For the assessment of video quality, Hoßfeld et al. [33] propose a generic subjective QoE assessment methodology for multimedia applications based on crowdsourcing. They conclude that crowdsourcing is a highly effective method not only for QoE assessment of online videos but also for other current and future internet applications. A study on the usage of crowdsourcing for subjective quality assessment in the HTTP-based adaptive streaming (HAS) context was conducted by Shahid et al. [100]. Here, the results of the crowdsourcing test showed a strong correlation with the corresponding lab test. Similarly, Rainer et al. [82] conducted a crowdsourcing study in the HAS context with the objective of comparing the QoE performance of different HAS-based web clients namely, YouTube, DASH-JS, and dash.js. The study concludes that the delivered representation bitrate and the number of stalls are the main influencing factors of QoE, as can also be confirmed by lab studies [93].

In addition, crowdsourcing has been used to create large video datasets annotated with human ratings. A few examples are the Konvid-1K database by Hosu et al. [39] which consists of 1200 public-domain video sequences sampled from YFCC100m [109], containing a very small number of high-quality videos. In addition, the KonViD-150k [29, 30] has been published, including 150k videos 720p videos similar to the Konvid-1K dataset. Furthermore, the LIVE-VQC dataset is another dataset that has been created by Sinno et al. [105] and consists of 585 videos with 240 recorded human ratings per video.

Notably, Seufert et al. [99] conducted a crowdsourcing study to test the limits of crowdsourced subjective video quality testing. They investigated the extreme case of presenting only a single test condition with a stimulus duration of 10 s to each subject (i.e. fully corresponding to a between-subjects test design) and the possibility of using such a simple “one-shot” design with a large number of subjects instead of using sophisticated test designs in crowdsourcing.
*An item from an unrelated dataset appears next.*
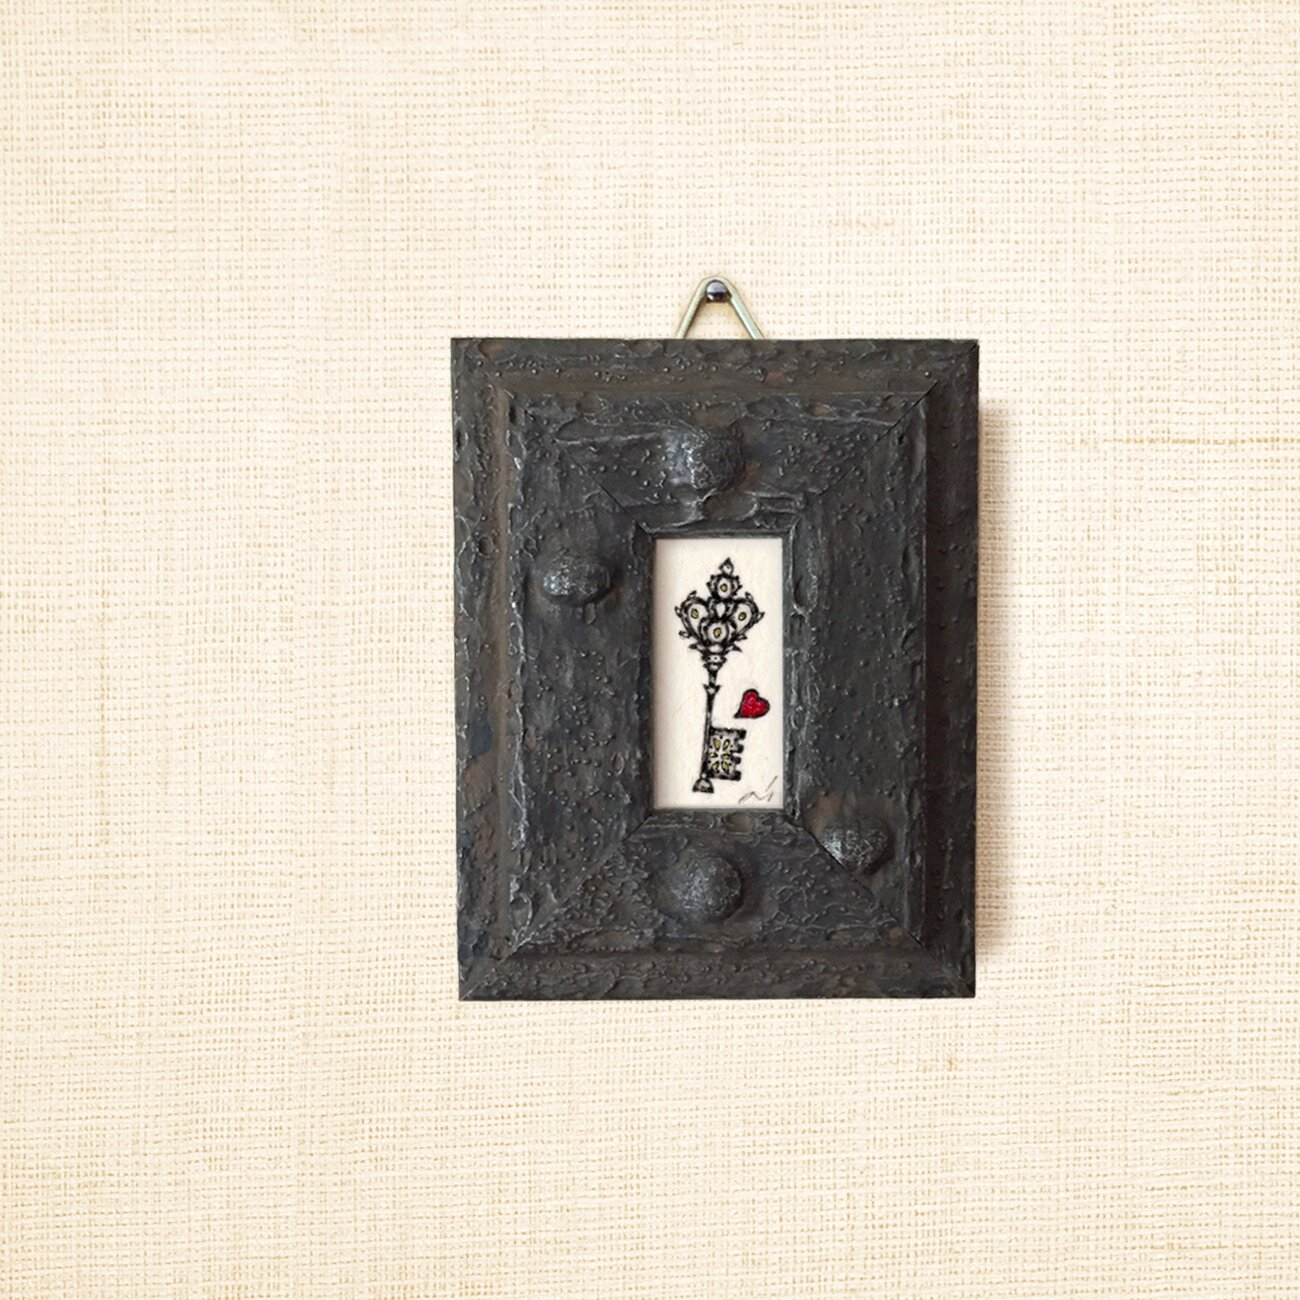 ミニ額縁 原画【 秘めごと 】

The results suggest that when training effects are negligible, the “one-shot” design seems to be applicable. In this study, source videos of 1080p were downscaled to 576p to meet the possibly low internet connections of the crowd users. So the overall video resolution was limited, and hence considering higher-resolution videos is still challenging in such a crowd scenario.
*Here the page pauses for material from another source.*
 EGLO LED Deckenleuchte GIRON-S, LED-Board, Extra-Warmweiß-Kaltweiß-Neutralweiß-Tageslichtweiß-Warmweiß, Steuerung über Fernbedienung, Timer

Recently, Uhrina et al. [110] investigated the feasibility of using an unpaid crowdsourcing approach as a replacement for lab-based subjective testing and reported a correlation of more than 0.92 between lab and crowd tests. The most notable aspect of this study is the usage of videos of resolutions up to Full-HD. Moreover, in [64] Full-HD videos are evaluated using crowdsourcing, overall the results indicate a similar performance to a lab test. A similar correlation between lab and crowd tests has also been reported by Saupe et al. [97] in their study of using crowdsourcing for subjective video quality assessment using the paired comparison approach.
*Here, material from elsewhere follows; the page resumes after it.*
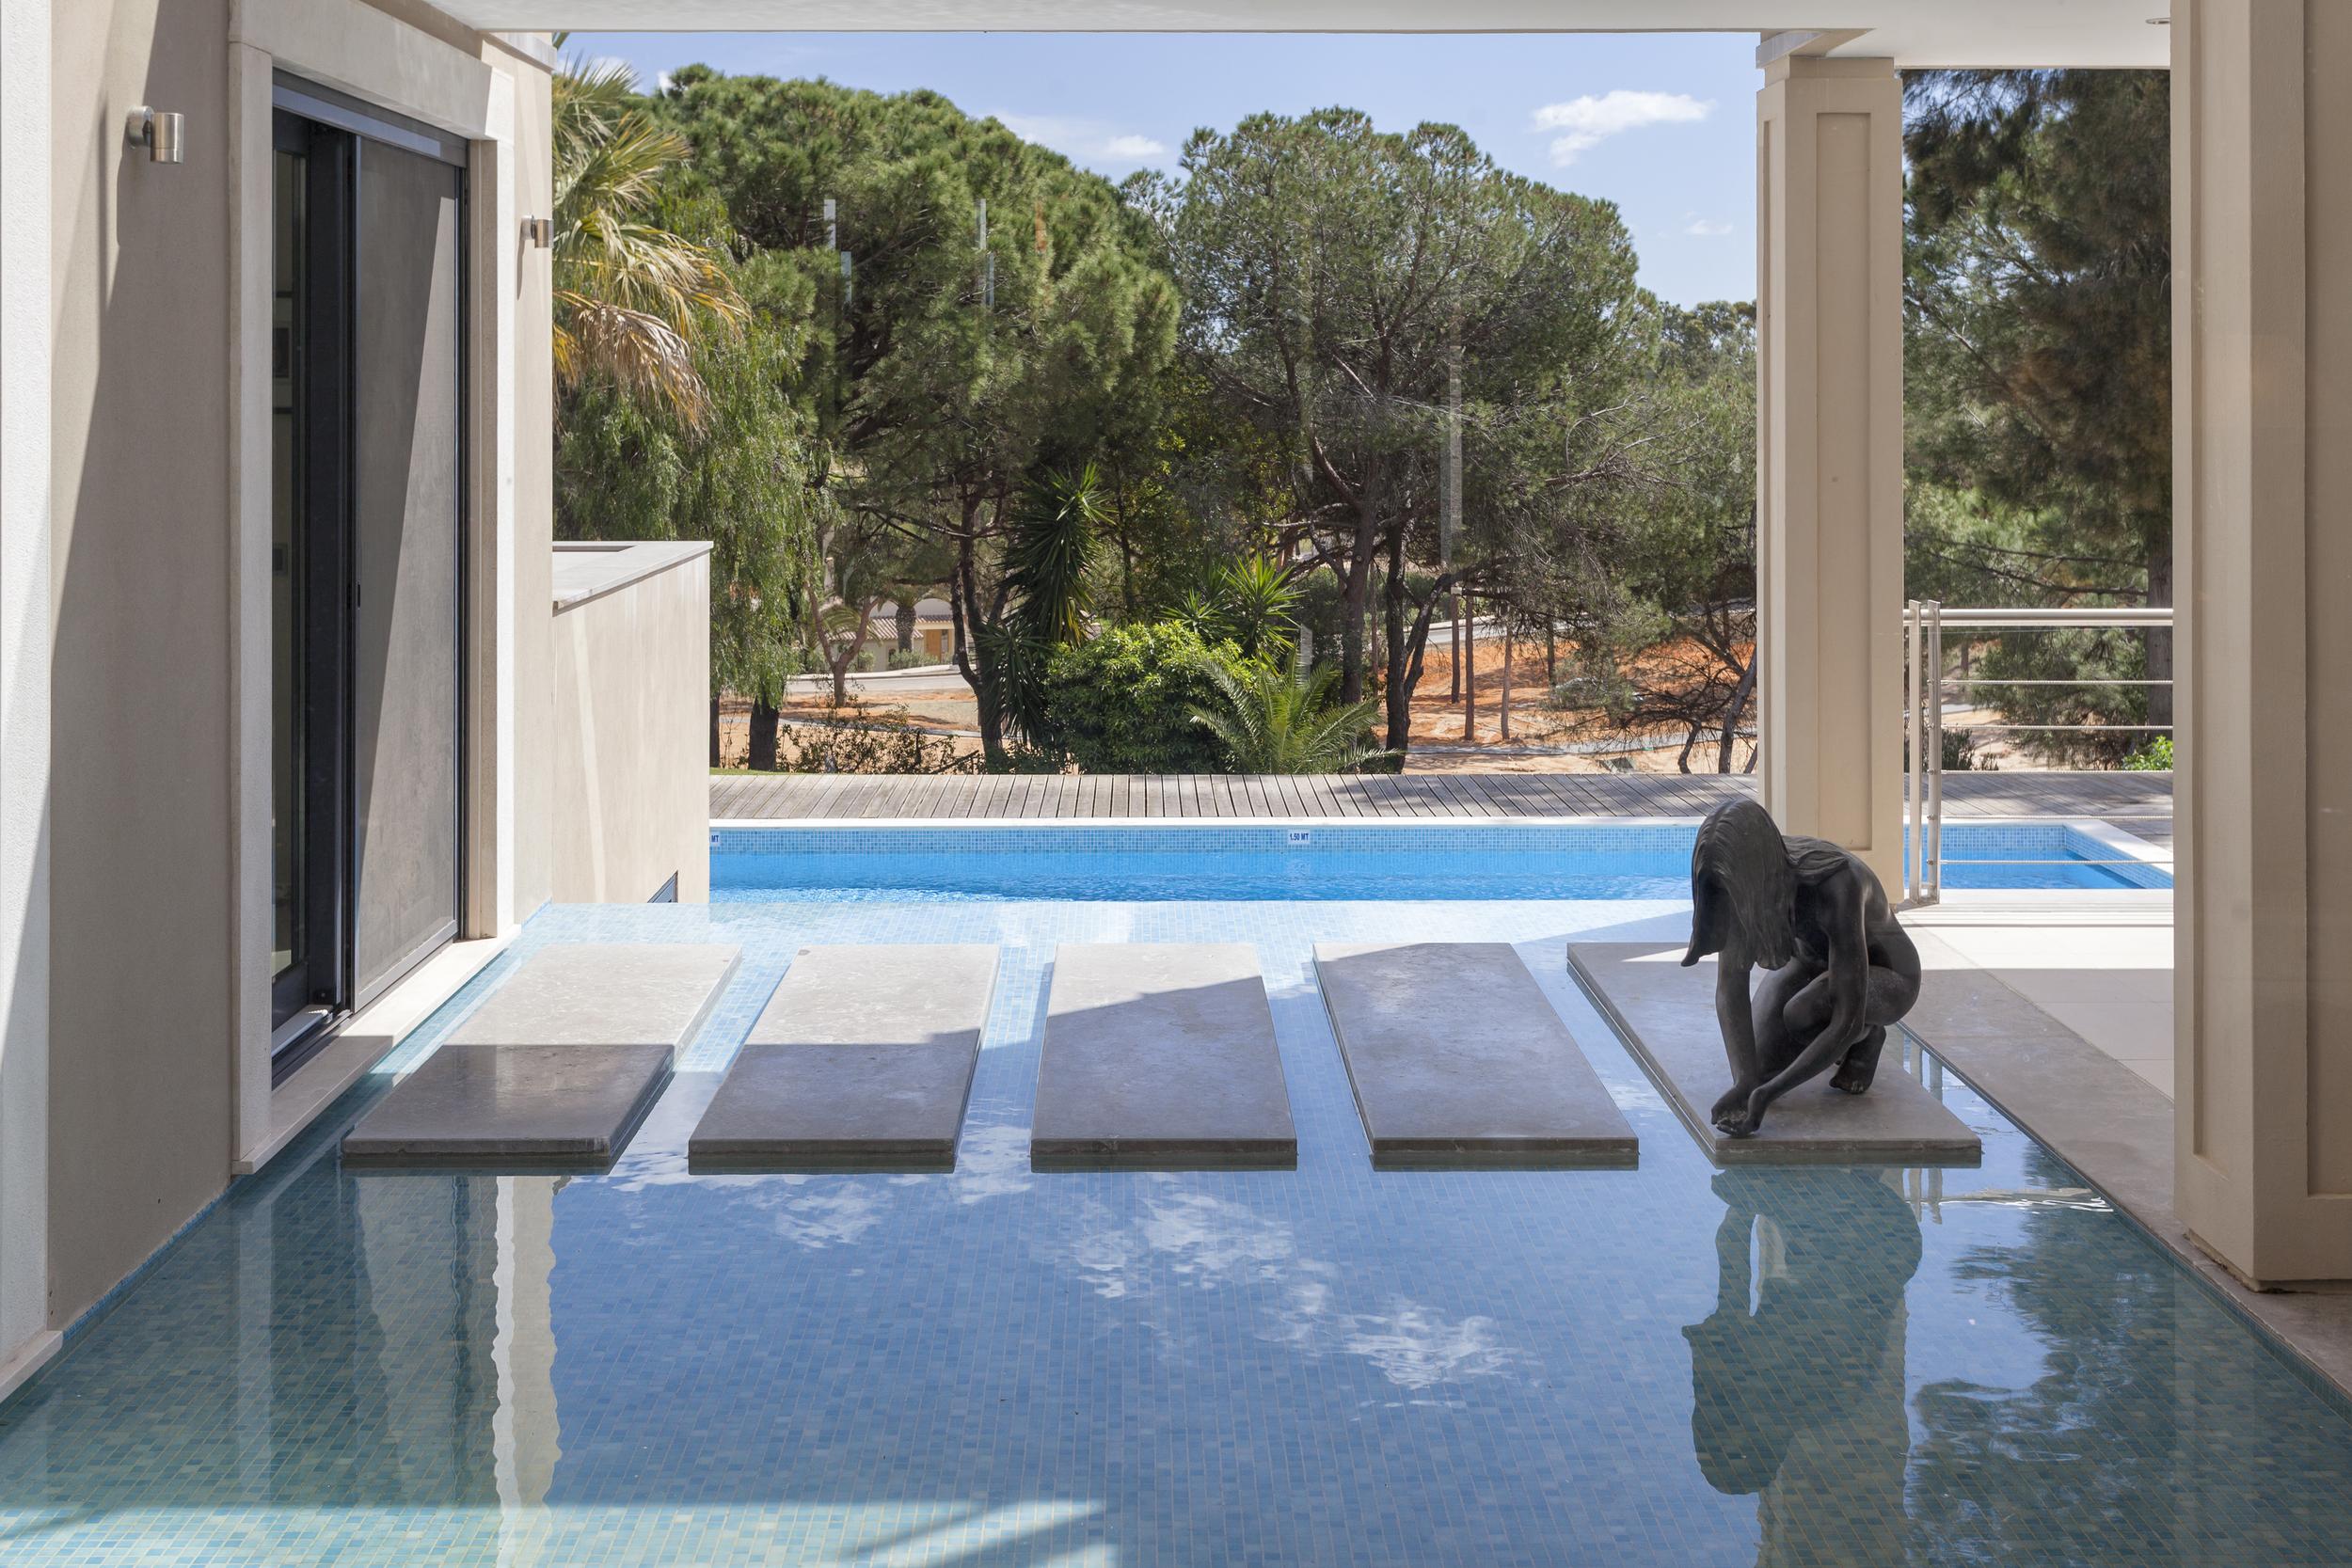 4 bedroom villa to rent in Quinta do Lago, RLV, Villa Serpentine,7.jpg

In addition to multimedia quality assessment, crowdsourcing or remote testing has been used in other multimedia applications such as image annotation [73, 88], video summarization [106, 108], speech quality assessment [65], 3D objects [67], point clouds [75], and visual attention [55]. Important to mention here, is that to evaluate the reliability of crowdsourcing studies, in the best case a comparison of the crowd or remote results and lab tests is performed, e.g. as done in [50, 67, 75, 96, 100].

Testing frameworks

Performing tests with humans being involved is a crucial part of several research fields, e.g. quality assessment of multimedia contents, i.e. audio, video, or images, to improve compression or analyse perception [80]. A commonly established method to conduct quality evaluation is to perform a lab test, where a participant is asked to rate a specifically presented and prepared stimuli in a controlled environment, following recommendations such as ITU-R BT.500-13 [43], ITU-T Rec. P.913 [41], or ITU-T Rec. P. 910 [89]. On the other side, next to the well-established lab tests, crowdsourcing tests are increasing in popularity for such perception tests. For example, it was already shown that crowd sourcing can be used for audio [65, 66], video [16, 33, 82, 87, 100, 105] and image quality assessment [18, 37, 39, 90].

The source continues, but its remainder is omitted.